The lands around Alfheim, where no one freely ventured, were the deadliest. It was their first defense against invaders, and we willingly ran through them, through the monsters too fearsome and hideous to invite out of the shadows. I could feel them slowly pressing in around us, but I didn’t stop running. I couldn’t. The choices were to be eaten on the run or be caught and dragged back. I’d sooner become the next meal of a creature than ever step foot back into the Golden Manor. I could think of a dozen worse ways to die within the Golden Court, none of them as merciful as ending in the belly of a beast.
Tree branches grabbed at me, igniting my fear of being found. The limbs stretched out in front of me, blinding me to my way. The forest closed around us, forming a cavern of distorted arms and legs that reached for me as I passed. As I stumbled and staggered, tripped and skinned layers from my pants and soon, my bare knees, I didn’t stop running. Running was the only power I had that was my own, the only thing that would grant me the remotest of chances. I turned the pain and fear and the months of becoming one of them—one of the hideous beasts of the courts—into fuel. I left that person behind—the monster—and ran from her as much as I ran from the court that helped create her.
Pain clamped my chest like a deadly vise, and my lungs begged me to slow. My legs felt like rubber after miles of jogging at a constant pace. I swallowed down selfish breaths of air, never getting enough. But not even my starving lungs caused me to stop. Each time I fell, Nix was there, pushing and pulling until I got back up. The fear on his face drove me to stand each time. My feet dragged noisily on the carpet of moss and leaves and kicked up an easily trackable route. I hadn’t been worried about hiding my footprints, for it wasn’t mere mortals who would be hunting us.
“Close, Perdi—almost at the border,” Nix whispered from my side.
“Thank God,” I groaned. Despite my weak state, I curled my mouth into a smile. We approached the border, and the realization that I had actually escaped the Golden Court finally struck me.
We were stopped twice before we were free of the Golden Court. Both times, those who had found us let us go, for no other reason than what we had done for two dozen prisoners. The creature I had freed from the muck had spread the word of what we had accomplished. We had risked our lives to save those who were weaker, and for that, they would say they hadn’t see us. I took the freedom but left the gratitude behind. I didn’t want to be a hero, but I didn’t want to be a prisoner, either.

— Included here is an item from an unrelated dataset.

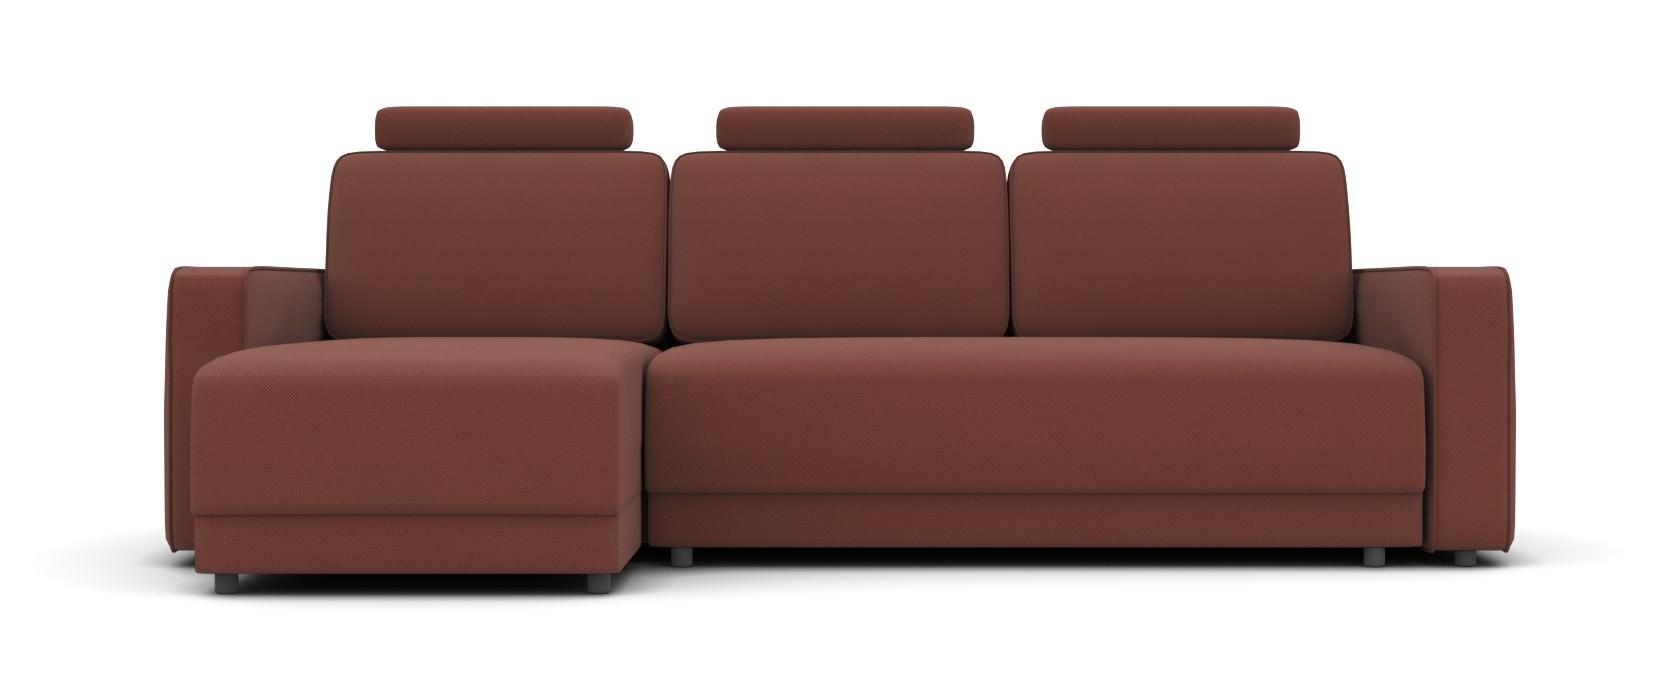 Угловой диван Dino с подголовниками - Pufetto
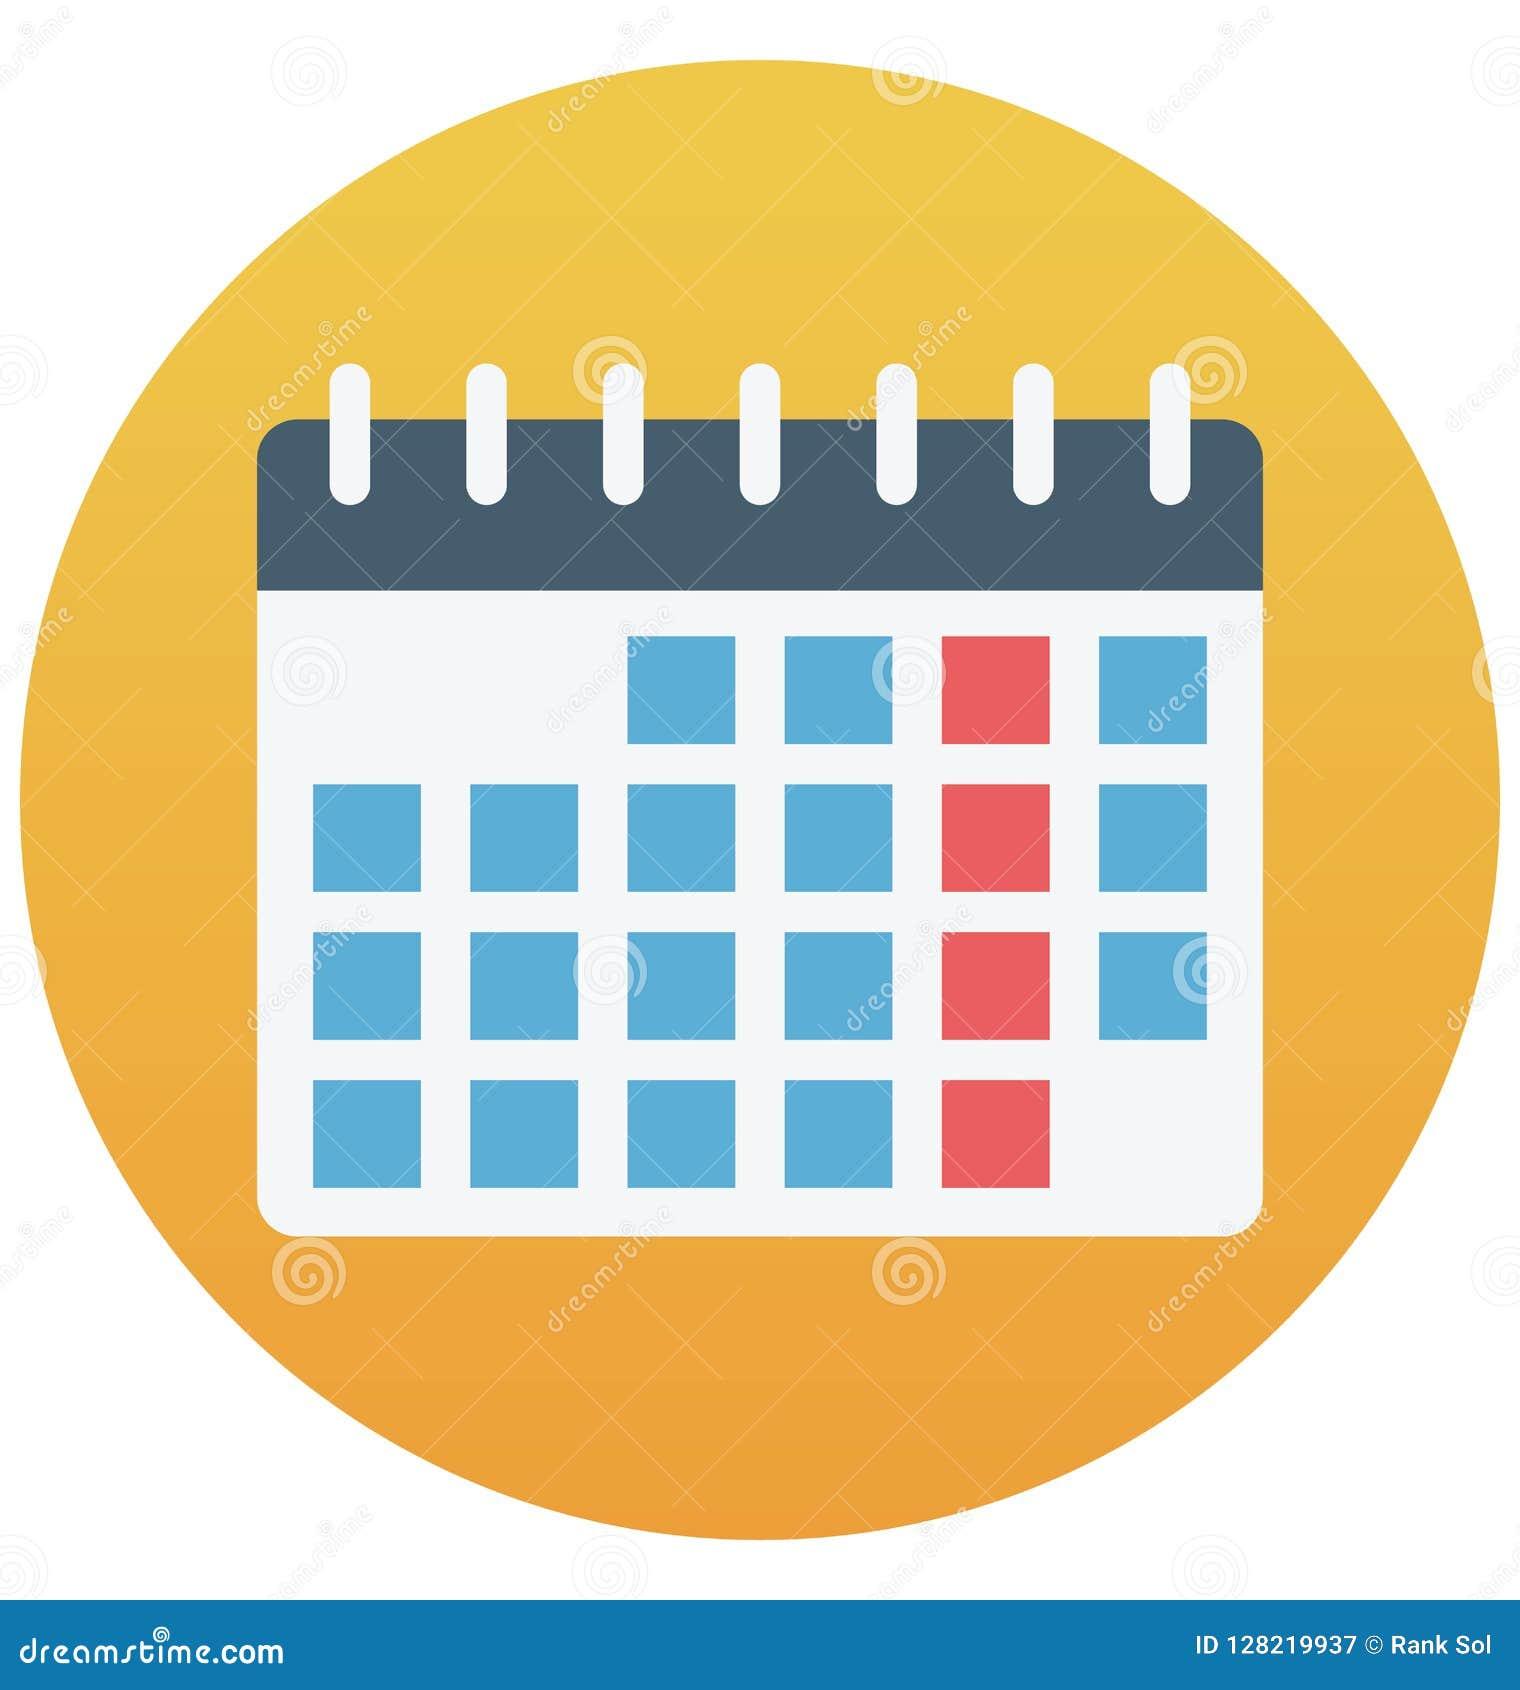 Calendar изолированный значок вектора который может быть легко редактирует или доработал

We climbed over a rock wall and landed on the other side—the Summer Court. The pace slowed, but the danger was not over and wouldn’t be for several days. Yet, I still felt smug about my small win. I was free from the clutches of King Aelfdene and his court of subjects, those who were mirrors of their leader. Once we crossed out of Golden Territory, I breathed a little deeper. The stench of flowers was almost gone, along with the tightness in my chest. I hadn’t realized how putrid the air had been until I took my first deep breath of something other than funerals.
The heat never changed as we crossed the border from the Golden Court—the capital of the Seelie Courts—into the Summer Court. The only difference was the cool breeze, and the stench of floral arrangements had almost disappeared. The grass was green but sunbaked in areas. The trees blossomed in brilliance but lacked the magick of the Golden Court. Where King Aelfdene forced perfection, the Summer Court allowed its natural flaws, and that’s what made it beautiful. The broken flowers, too heavy to hold their heads high, its mud and rocks and ugly barked trees had made it feel more like home than the Golden Court ever could. The reality of my freedom sank in as I pressed my hands into the rough tree. I was free. Even if it didn’t last, it was still worth it.
“We need shelter,” I said through my gritted teeth. My legs began to shake and cramp. I was tired, scared, cold and hungry. “I’m not feeling too good here.”
“We need to keep going. We can’t stop, not yet,” Nix called back. “We need to get away from the estate of the Summer King, Morrow. To save his court, he’ll send us back.”
I cursed under my breath. “I’m not Fae. I can’t keep going.” My body tingled. I had used up all my magick and energy to get as far as I had, and there was nothing left in me to give.
“Just a little farther… We can stay in one of the fox dens up ahead.” He compromised once he saw me crawling through the dirt on my hands and knees.
I slinked on all fours, too tired to stand. I bargained with the gods and goddesses for just a bit more energy to make it to shelter. They hadn’t ever heard my prayers before, but today they might just think it was funny enough to let me live. Nix walked at my side and griped that he wasn’t big enough to carry me. He said he was strong enough, but my weight wouldn’t be balanced and I’d collapse around him, pinning him beneath me. The thought made me laugh.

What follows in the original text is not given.